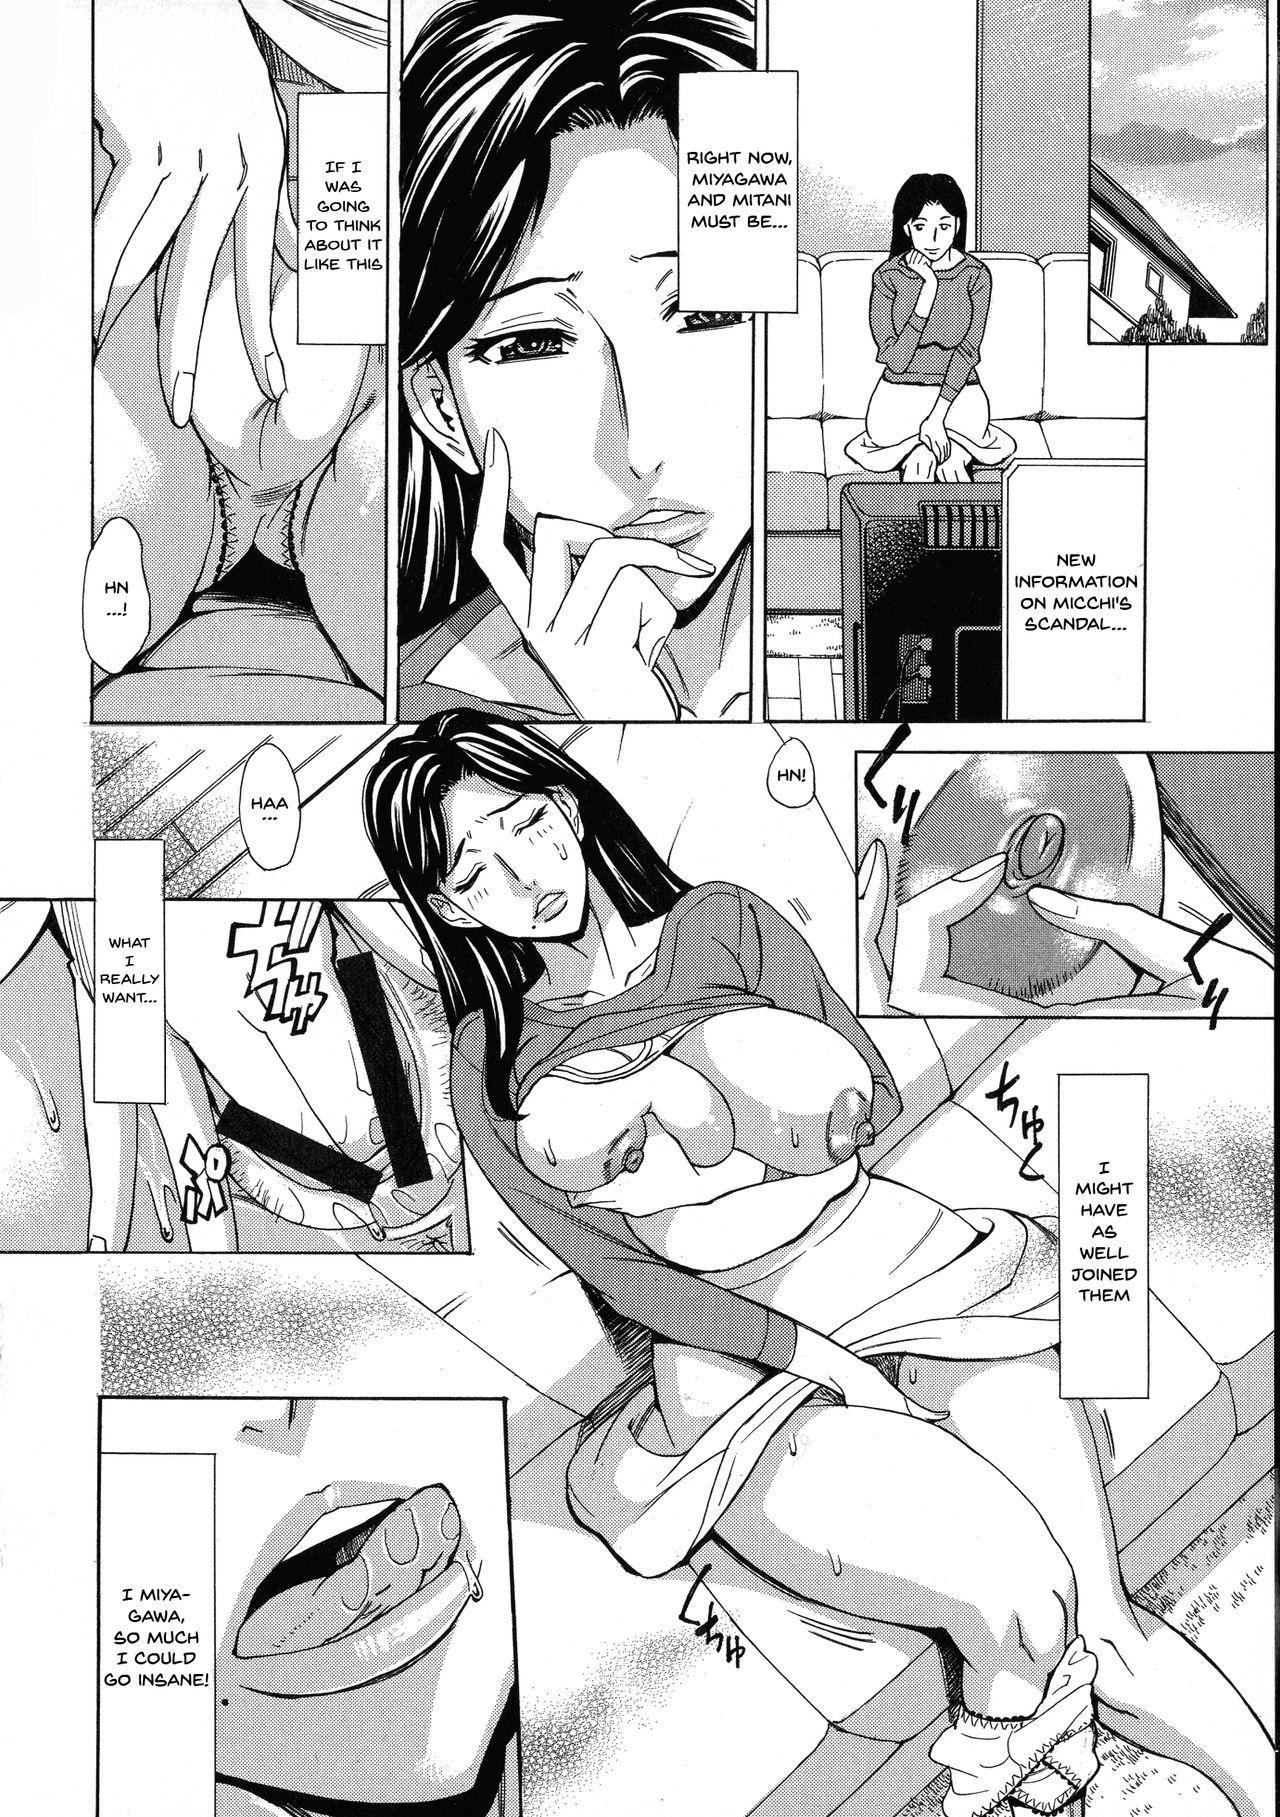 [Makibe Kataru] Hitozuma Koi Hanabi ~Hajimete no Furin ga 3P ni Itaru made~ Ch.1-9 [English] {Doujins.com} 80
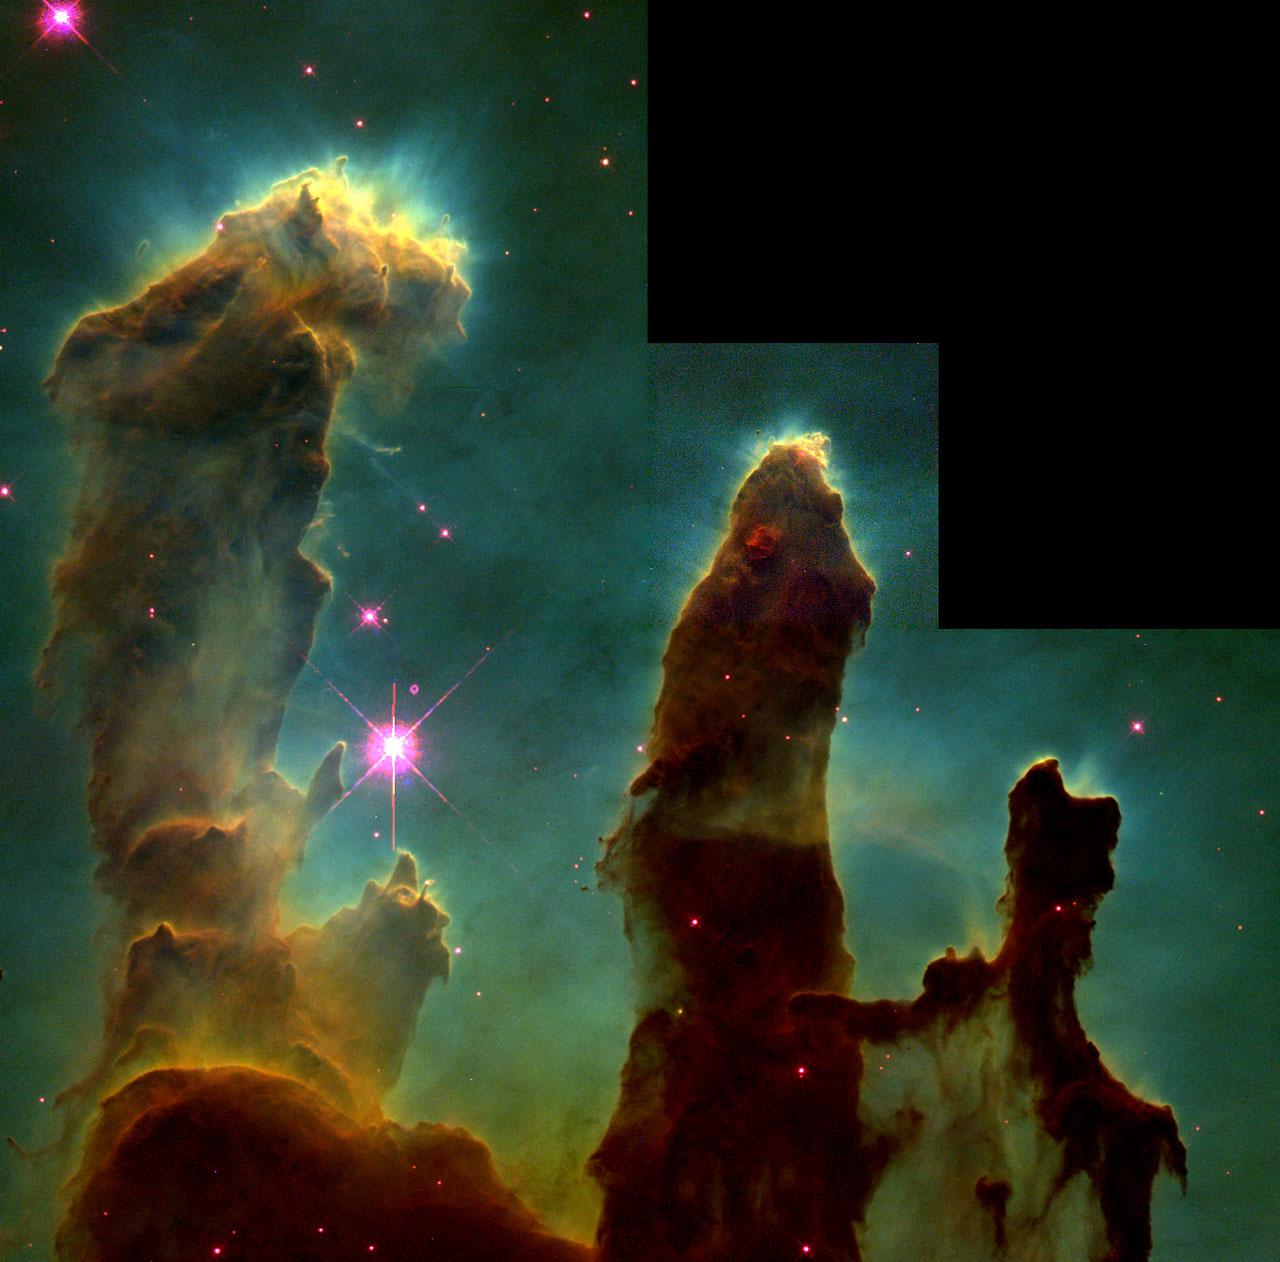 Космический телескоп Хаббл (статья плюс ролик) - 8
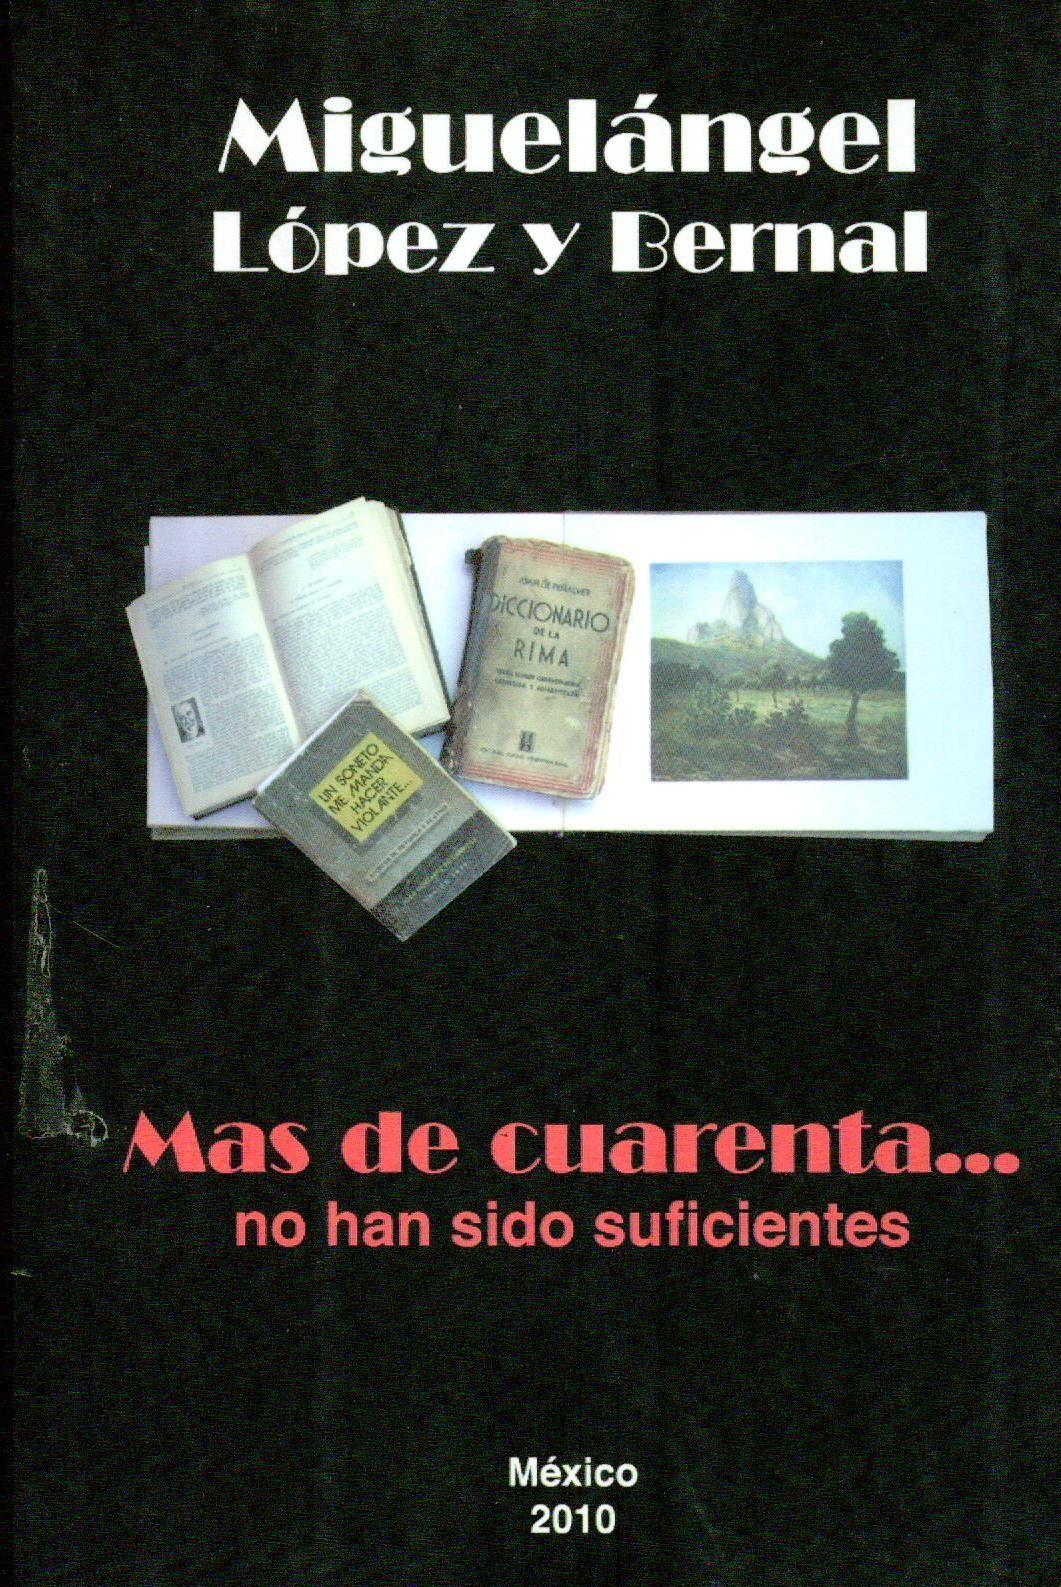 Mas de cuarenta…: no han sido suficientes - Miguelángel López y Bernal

YOUR GOAL: All of the material above is to be retyped exactly, with no pictures included.

TASK ANSWER:
 [Makibe Kataru] Hitozuma Koi Hanabi ~Hajimete no Furin ga 3P ni Itaru made~ Ch.1-9 [English] {Doujins.com} 80
 Космический телескоп Хаббл (статья плюс ролик) - 8
 Mas de cuarenta…: no han sido suficientes - Miguelángel López y Bernal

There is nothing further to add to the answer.